§ Material to process:
++++++++

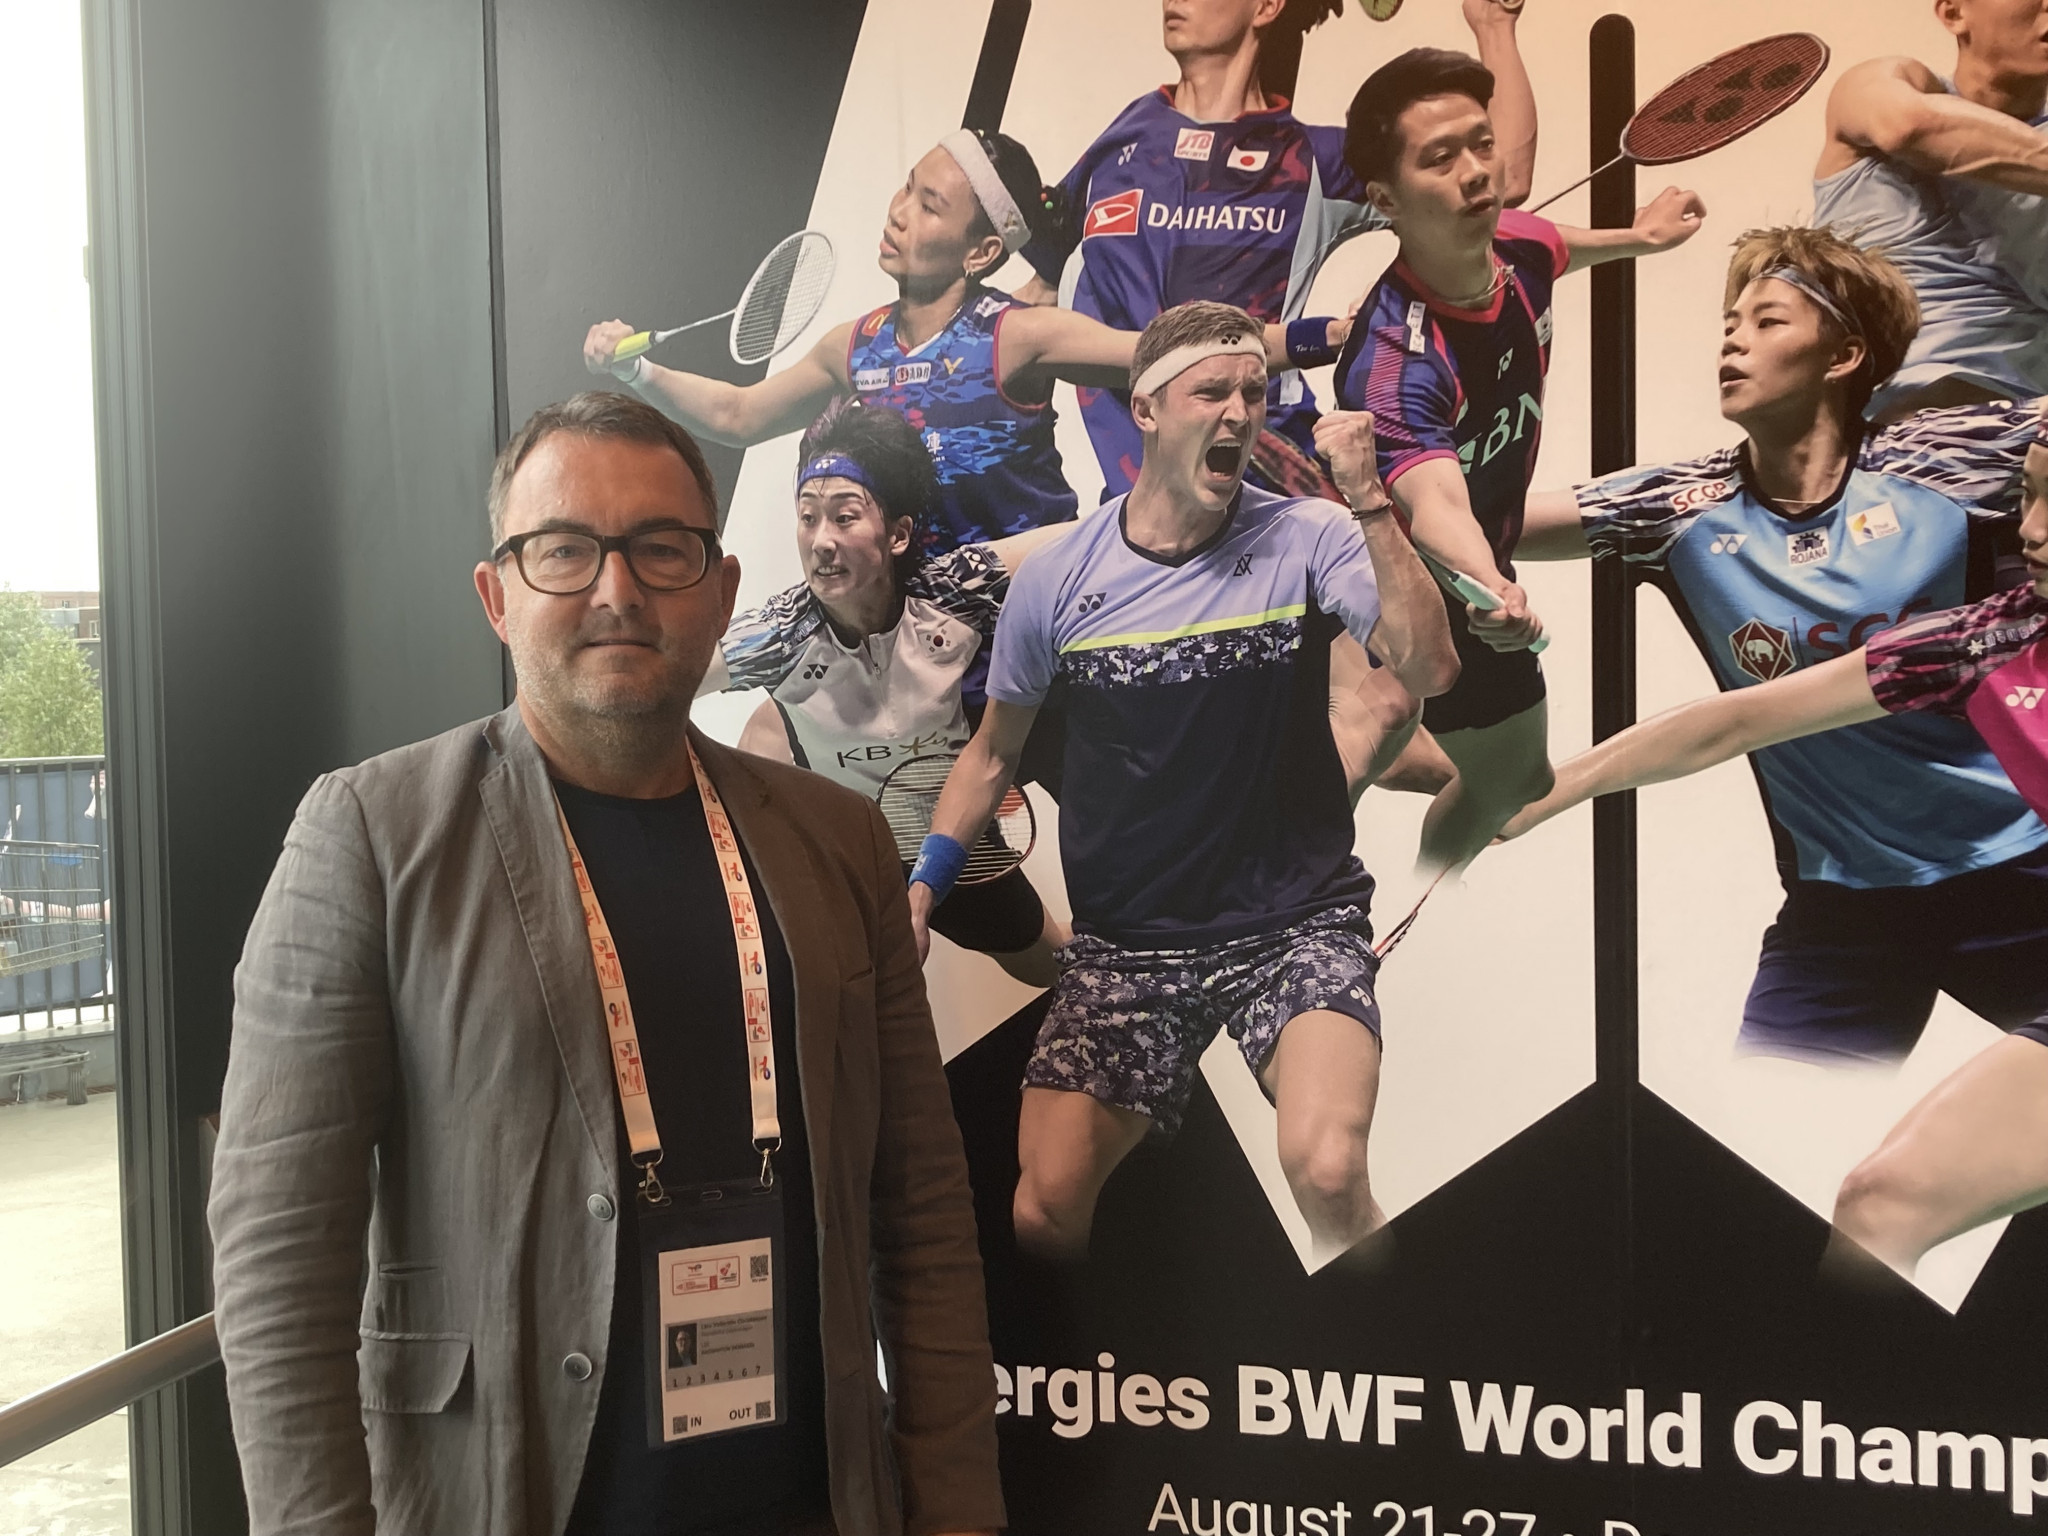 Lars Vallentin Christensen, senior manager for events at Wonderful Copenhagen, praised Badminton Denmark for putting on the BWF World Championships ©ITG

++++++++

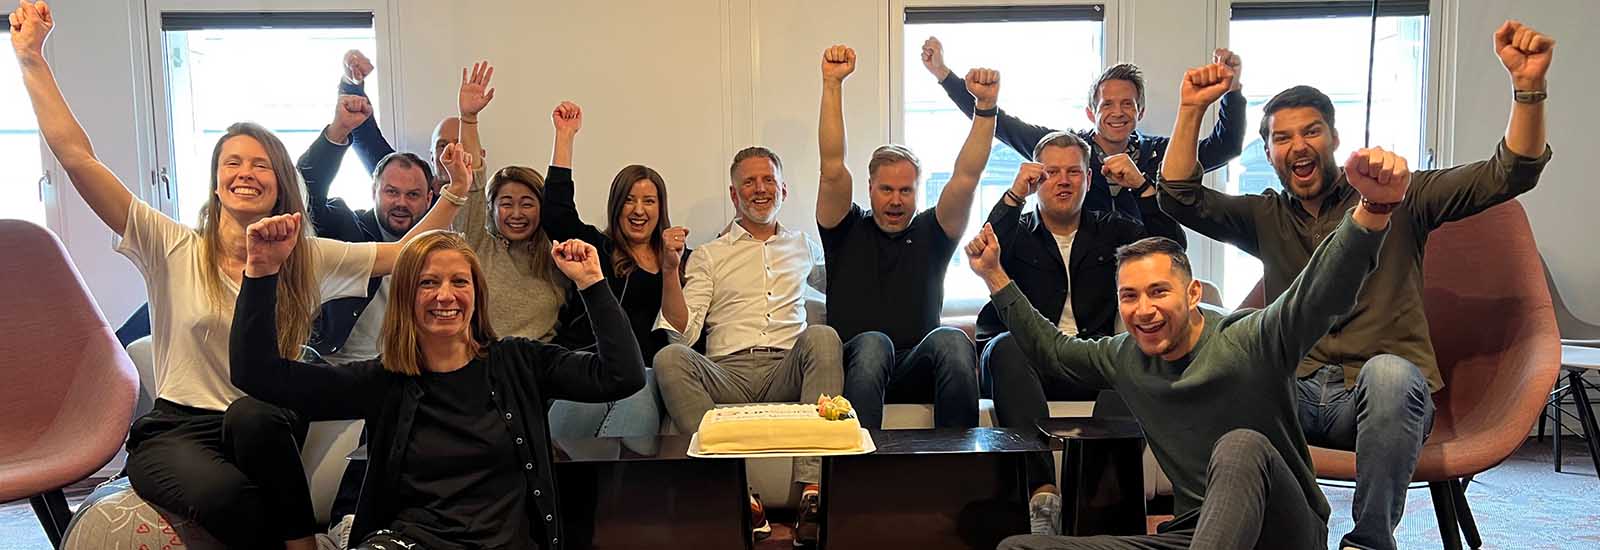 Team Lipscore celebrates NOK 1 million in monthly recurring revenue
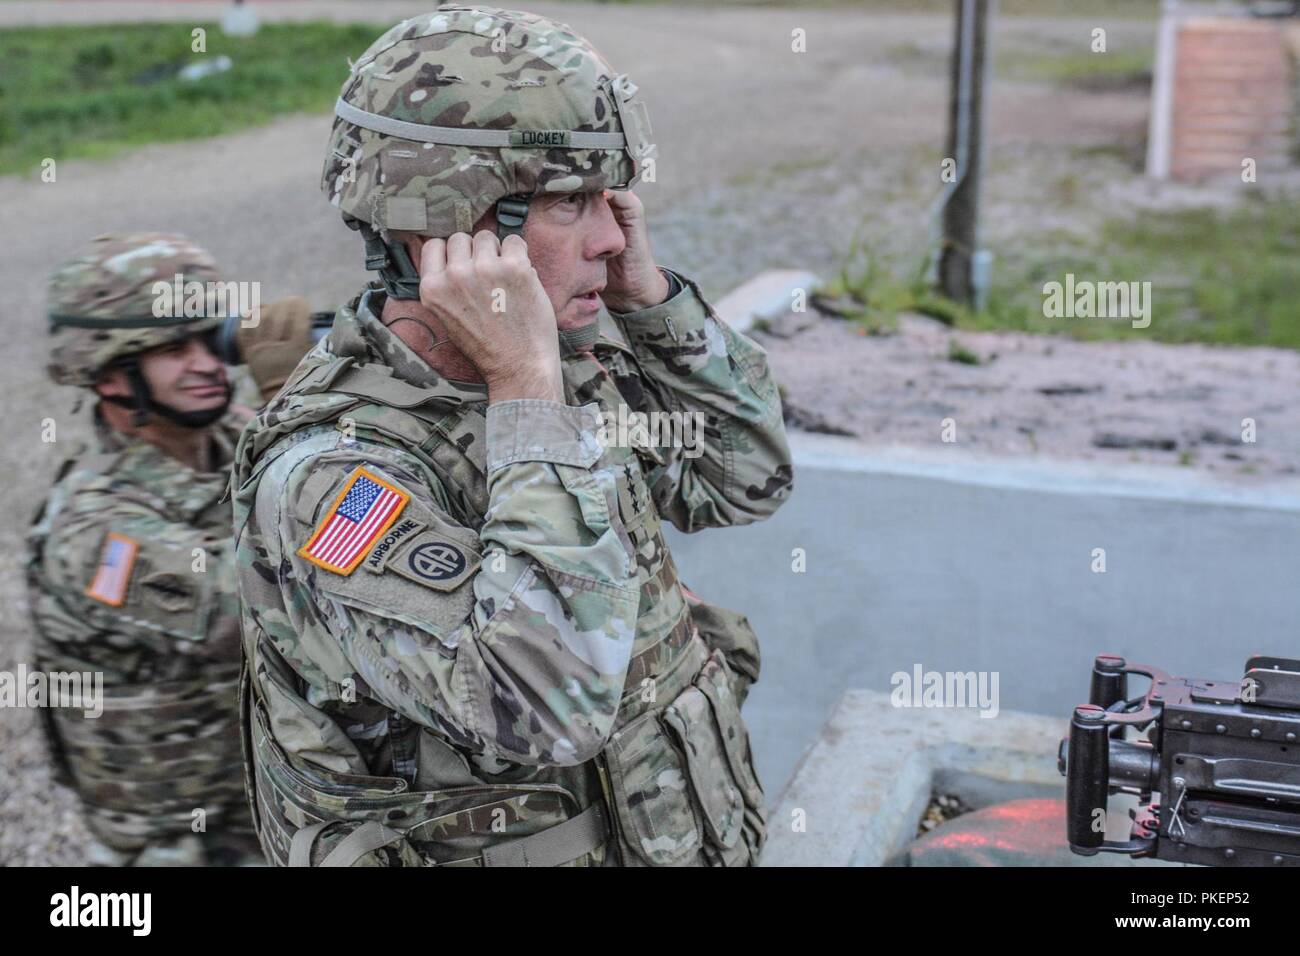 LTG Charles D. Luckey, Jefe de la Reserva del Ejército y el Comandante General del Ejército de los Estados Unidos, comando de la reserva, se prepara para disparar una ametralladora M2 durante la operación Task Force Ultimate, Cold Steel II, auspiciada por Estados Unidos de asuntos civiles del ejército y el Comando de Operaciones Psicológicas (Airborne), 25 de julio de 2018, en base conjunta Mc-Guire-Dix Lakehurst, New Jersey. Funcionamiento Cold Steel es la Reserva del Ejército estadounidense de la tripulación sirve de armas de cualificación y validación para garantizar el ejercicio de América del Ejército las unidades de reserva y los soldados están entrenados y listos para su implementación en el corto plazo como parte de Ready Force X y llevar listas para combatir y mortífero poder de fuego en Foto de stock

++++++++

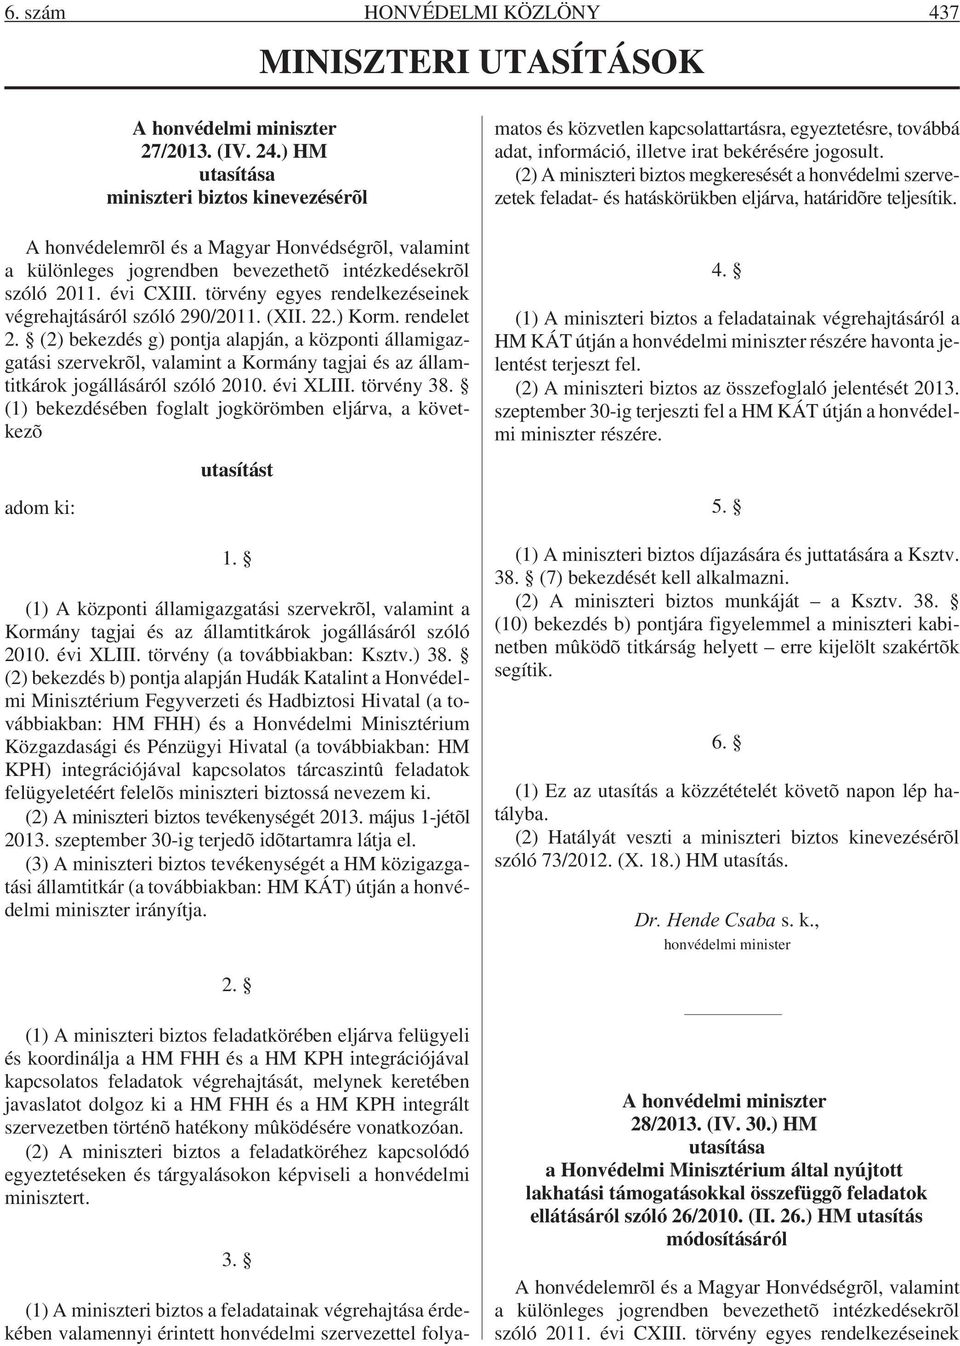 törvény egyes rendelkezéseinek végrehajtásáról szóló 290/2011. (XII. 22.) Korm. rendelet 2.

++++++++

§ Work instructions:
Print nothing except the lines above from the one containing "Team Lipscore celebrates" down to the one containing "LTG Charles D.", both included, exactly as written and free of pictures.

§ Task result:
 Team Lipscore celebrates NOK 1 million in monthly recurring revenue
 LTG Charles D. Luckey, Jefe de la Reserva del Ejército y el Comandante General del Ejército de los Estados Unidos, comando de la reserva, se prepara para disparar una ametralladora M2 durante la operación Task Force Ultimate, Cold Steel II, auspiciada por Estados Unidos de asuntos civiles del ejército y el Comando de Operaciones Psicológicas (Airborne), 25 de julio de 2018, en base conjunta Mc-Guire-Dix Lakehurst, New Jersey. Funcionamiento Cold Steel es la Reserva del Ejército estadounidense de la tripulación sirve de armas de cualificación y validación para garantizar el ejercicio de América del Ejército las unidades de reserva y los soldados están entrenados y listos para su implementación en el corto plazo como parte de Ready Force X y llevar listas para combatir y mortífero poder de fuego en Foto de stock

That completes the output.